Chemical Equilibrium

Dynamic Equilibrium

definition: equilibrium state where forward and reverse reactions are happening simultaneously at equal rates

ZERO change to the concentrations of substances

reactants are consumed at the same rate they are produced

forward reaction rate = reverse reaction rate

Chemical Equilibrium

definition: state where the [reactant] and [product] are constant

ONLY applies to closed chemical systems

Different types of Equilibrium: Phase Equilibrium

H2O(l) ⇌ H2O(g)

system will eventually reach equilibrium

rate of forming water vapor = rate of forming liquid water

overall concentration of liquid water and water vapor is constant

Equilibrium Position

definition: the relative ratio between the amount of [reactant] and the amount of [product] at equilibrium

equilibrium position is unique for every system

for any closed chemical equilibrium system in constant environmental conditions, the same equilibrium concentration are reached regardless of reaction direction

Equilibrium Calculations

ICE table

Initial

Change

Equilibrium

purpose: helps organizes calculations involving equilibrium

concentration will always be measured in molarity (mol/L)
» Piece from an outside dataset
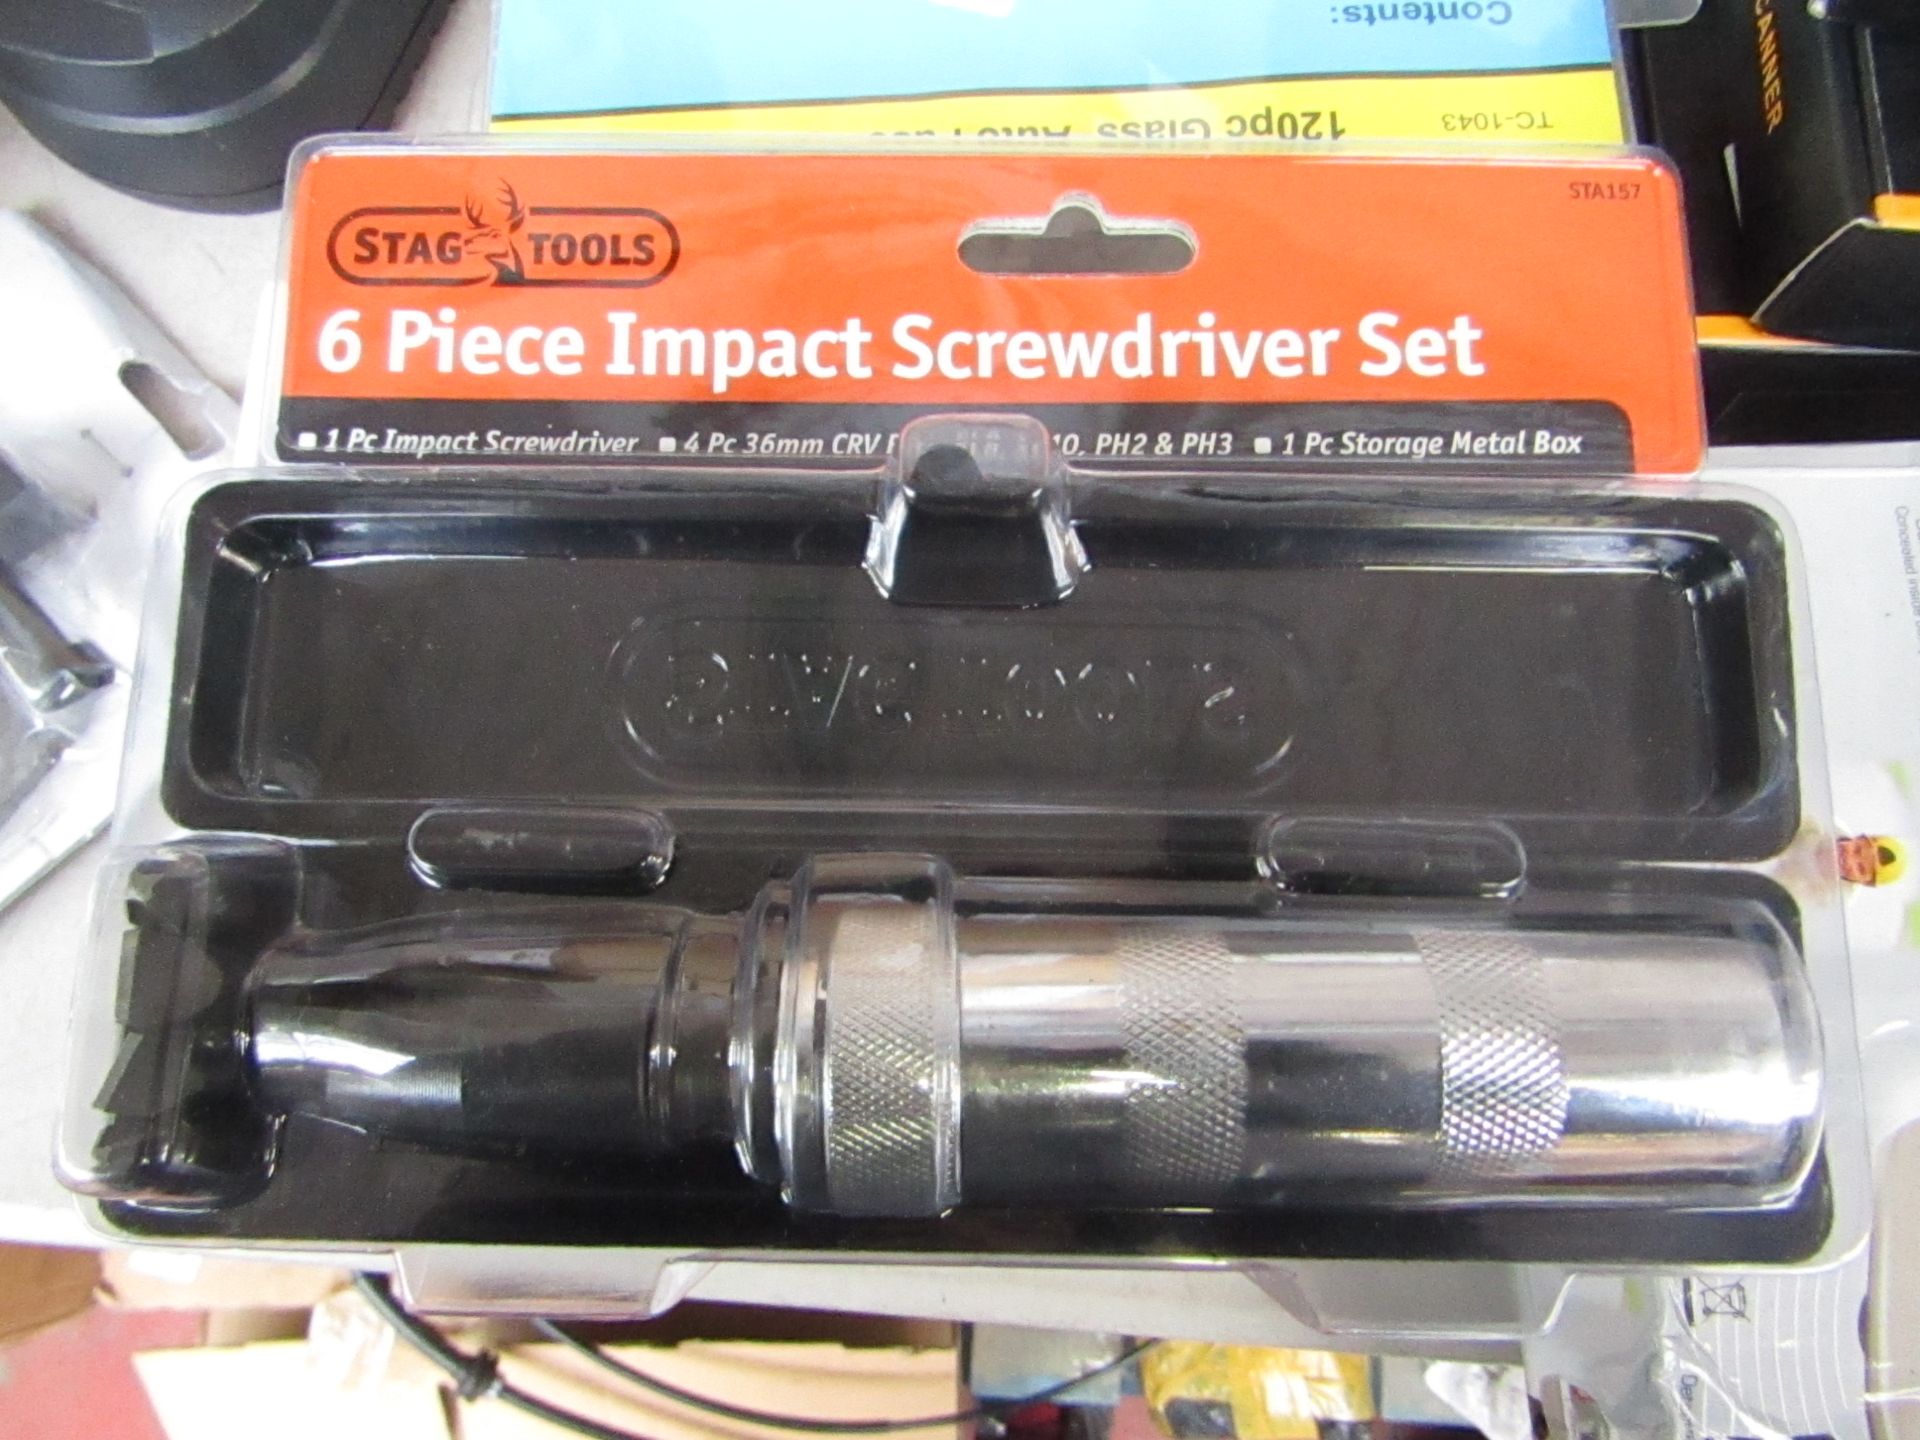 Stag Tools 6 piece Impact screwdriver, new and blister packed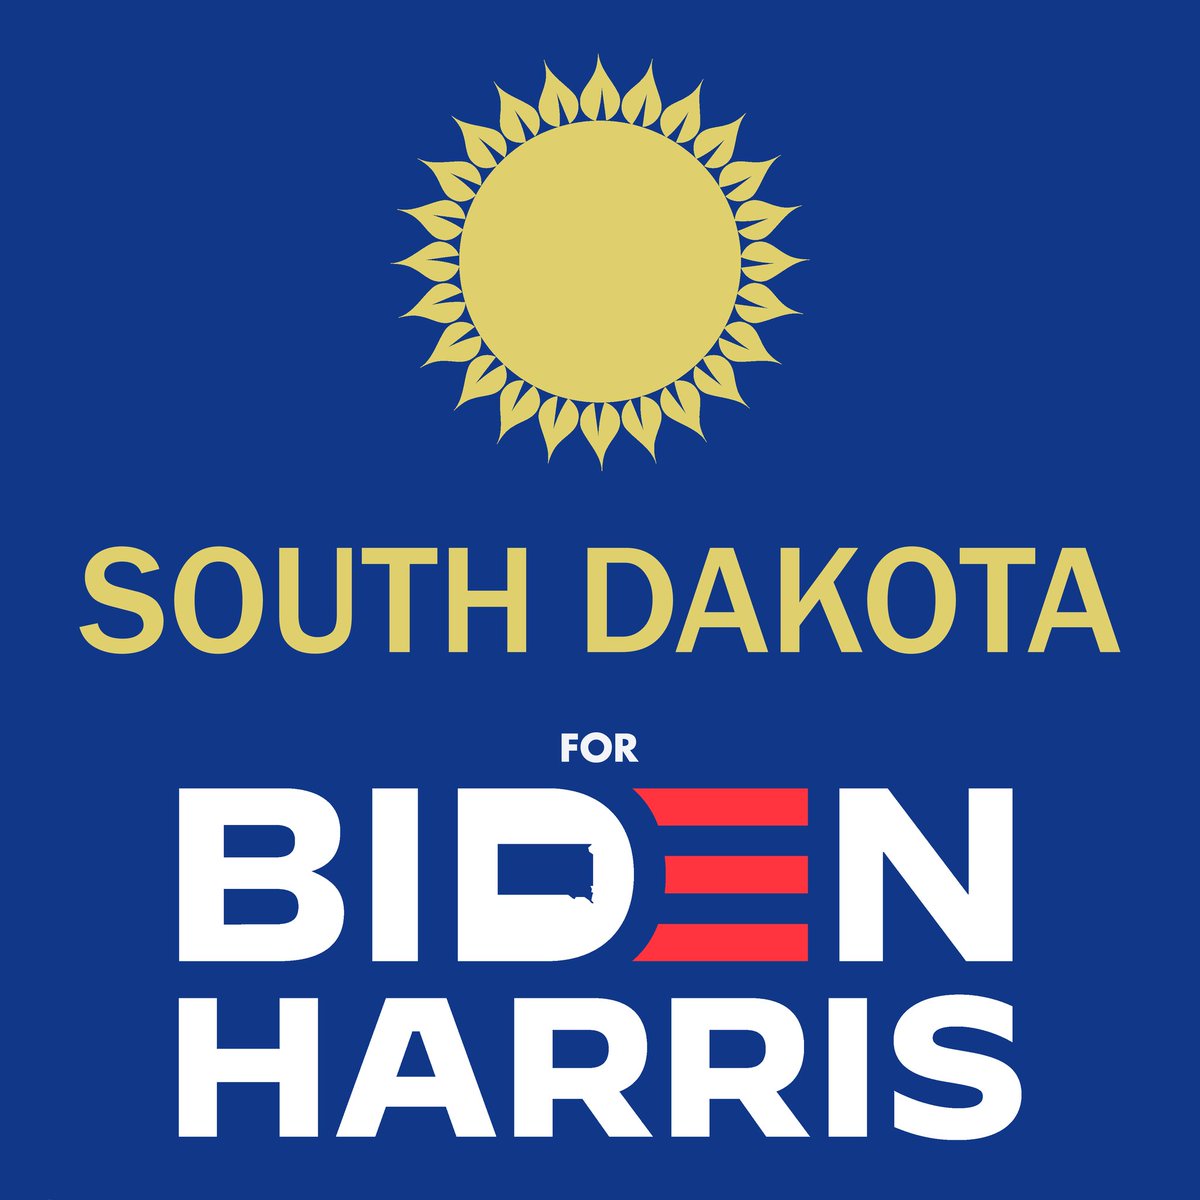 ICYMI my husband  @viva_verde is incredibly talented and made these beautiful state coalition graphics for  #BidenHarris supporters. More otw and he takes requests for priority! RT your state if you're  #RidinWithBidenHarris 7/8  #SouthDakota  #Tennessee  #Texas  #Utah

Example: H2(g) + F2(g) ⇌ 2HF(g)
The initial concentration of H2 and F2 are both 2.00 mol/L. There is no HF initially. What is the concentration of H2 and HF at equilibrium if the equilibrium concentration of F2 is 0.48 mol/L?

Answer:
H2(g) F2(g) ⇌ 2HF(g)
I 2.00 2.00 0
C -x -x 2x
E 2.00-x 0.48 2x

[F2]eq = 2.00 - x
0.48 = 2.00 - x
2.00 - 0.48 = x
x = 1.52 mol/L

[H2]eq = 2.00 - 1.52
= 0.48 mol/L

[HF]eq = 2(1.52)
= 3.04 mol/L

Equilibrium Law

definition: mathematical description of a chemical system at description

can be written for any balanced chemical equation

exponents in the equilibrium laws comes from the balanced equation

pure solids and pure liquids are ignored and only concentrations of gases or aqueous solutions are involved

Equilibrium Constant K

definition: a number that defines the equilibrium law for any system

units of K are not important, just the number value

equilibrium constant K is the NUMERICAL VERSIOn of the equilibrium position

the constant K is always the same value, regardless of the initial concentration used

K is specified for a specific temperature

Magnitude

K < 1

equilibrium position is far left (favours the reactants)

more reactant than product

the reaction occurs very little (99% stay as reactant)

K > 1

equilibrium position is far right (favours the products)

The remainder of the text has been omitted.